Sample compression schemes for balls in graphs
Jérémie Chalopin, Victor Chepoi, Fionn Mc Inerney, Sébastien Ratel, Yann Vaxès
TL;DR
The paper investigates sample compression schemes for the family of balls in graphs, linking the VC-dimension framework to concrete, graph-class-specific constructions. It delivers explicit, small-size proper labeled and unlabeled schemes across several graph families (trees, cycles, interval graphs, cube-free median graphs, split graphs, planar graphs, and hyperbolic graphs), including radius-restricted variants and approximate schemes in δ-hyperbolic settings. Key contributions include USCS/LSCS of size 2 for metric trees and size 3–6 for cycles and trees of cycles, 4 for interval graphs, 22 for cube-free median graphs, and 4 for radius-1 planar graphs, along with a general approximate framework for δ-hyperbolic graphs.
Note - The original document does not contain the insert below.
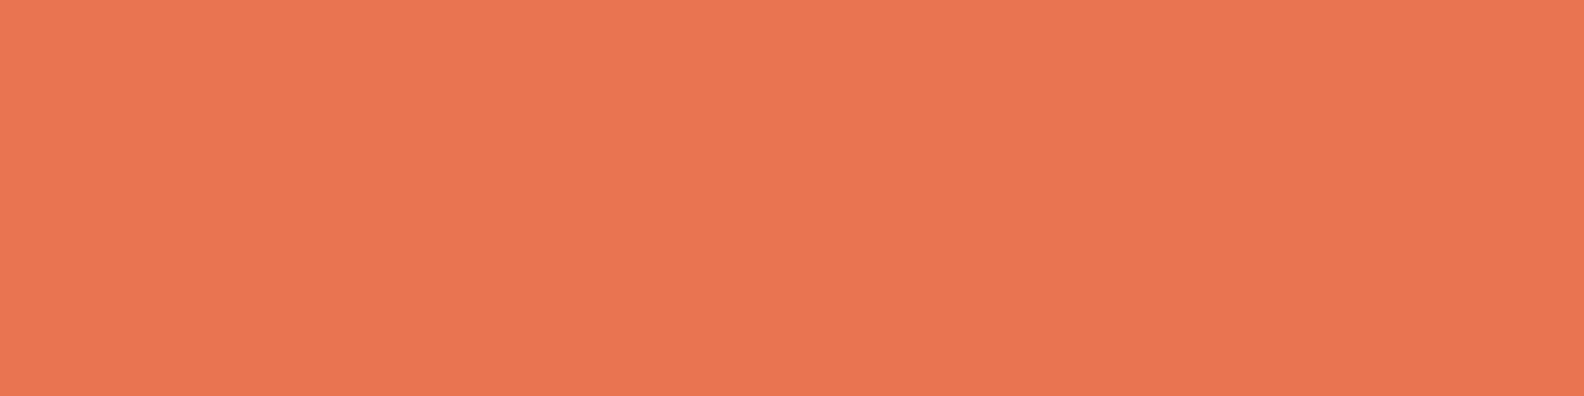 1584x396 Light Red Ochre Solid Color Background
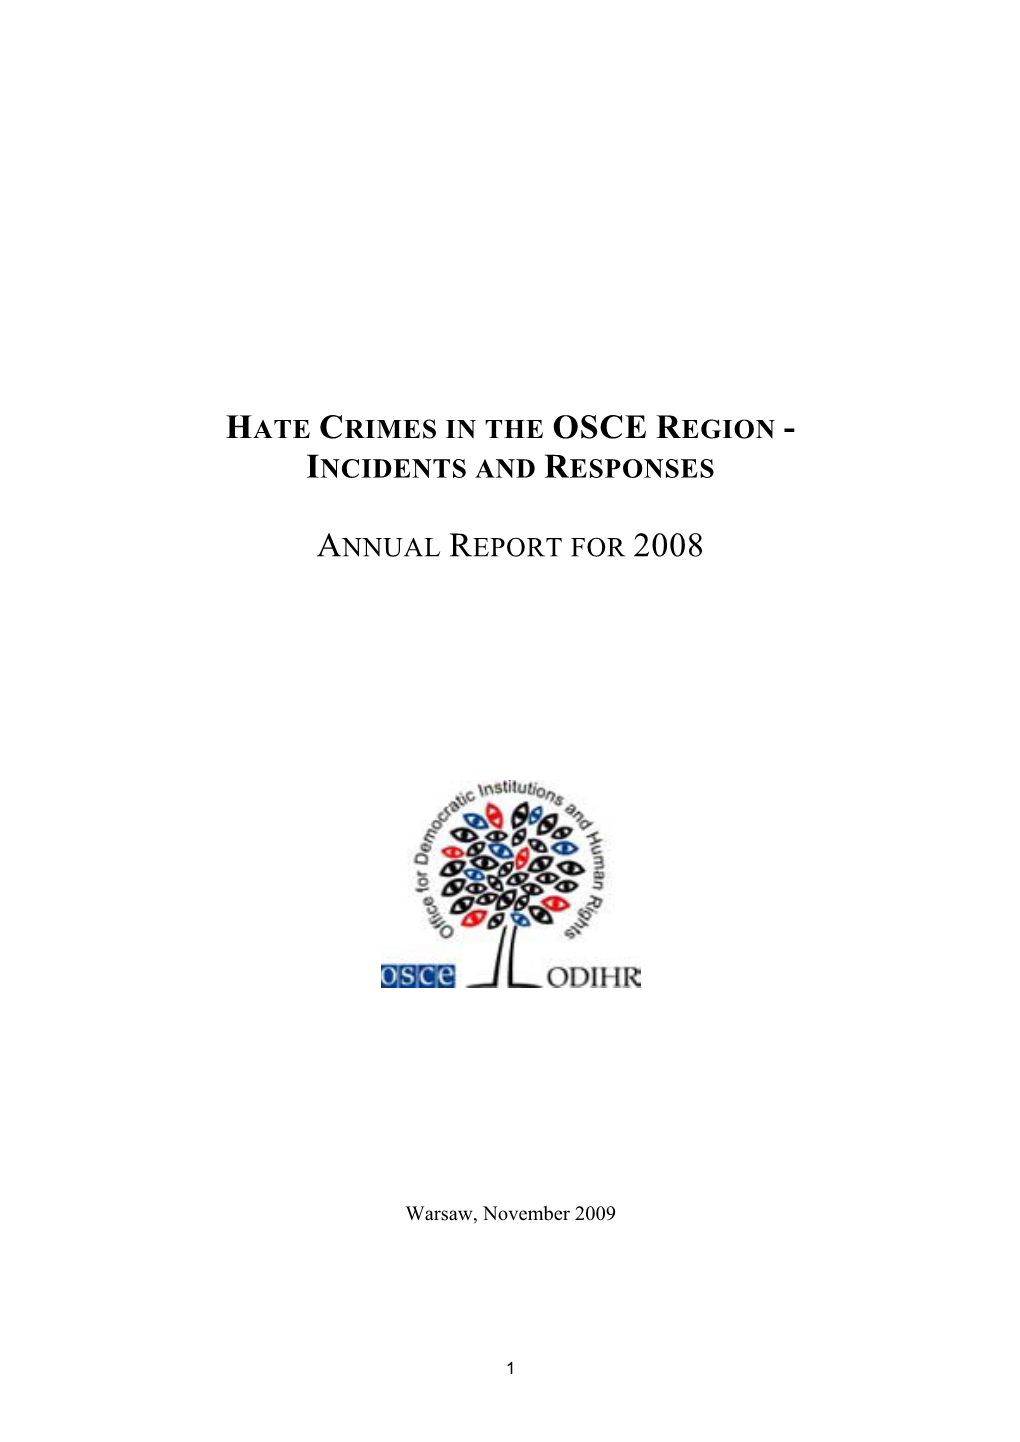 Hate Crimes in the Osce Region - Incidents and Responses

These results advance understanding of the sample compression conjecture in a broad graph-theoretic context and offer practical compression schemes tailored to specific geometric structures, with several open questions on optimality and extensions to additional graph classes.
Abstract
One of the open problems in machine learning is whether any set-family of VC-dimension $d$ admits a sample compression scheme of size $O(d)$. In this paper, we study this problem for balls in graphs. For a ball $B=B_r(x)$ of a graph $G=(V,E)$, a realizable sample for $B$ is a signed subset $X=(X^+,X^-)$ of $V$ such that $B$ contains $X^+$ and is disjoint from $X^-$. A proper sample compression scheme of size $k$ consists of a compressor and a reconstructor. The compressor maps any realizable sample $X$ to a subsample $X'$ of size at most $k$. The reconstructor maps each such subsample $X'$ to a ball $B'$ of $G$ such that $B'$ includes $X^+$ and is disjoint from $X^-$. For balls of arbitrary radius $r$, we design proper labeled sample compression schemes of size $2$ for trees, of size $3$ for cycles, of size $4$ for interval graphs, of size $6$ for trees of cycles, and of size $22$ for cube-free median graphs. For balls of a given radius, we design proper labeled sample compression schemes of size $2$ for trees and of size $4$ for interval graphs. We also design approximate sample compression schemes of size 2 for balls of $δ$-hyperbolic graphs.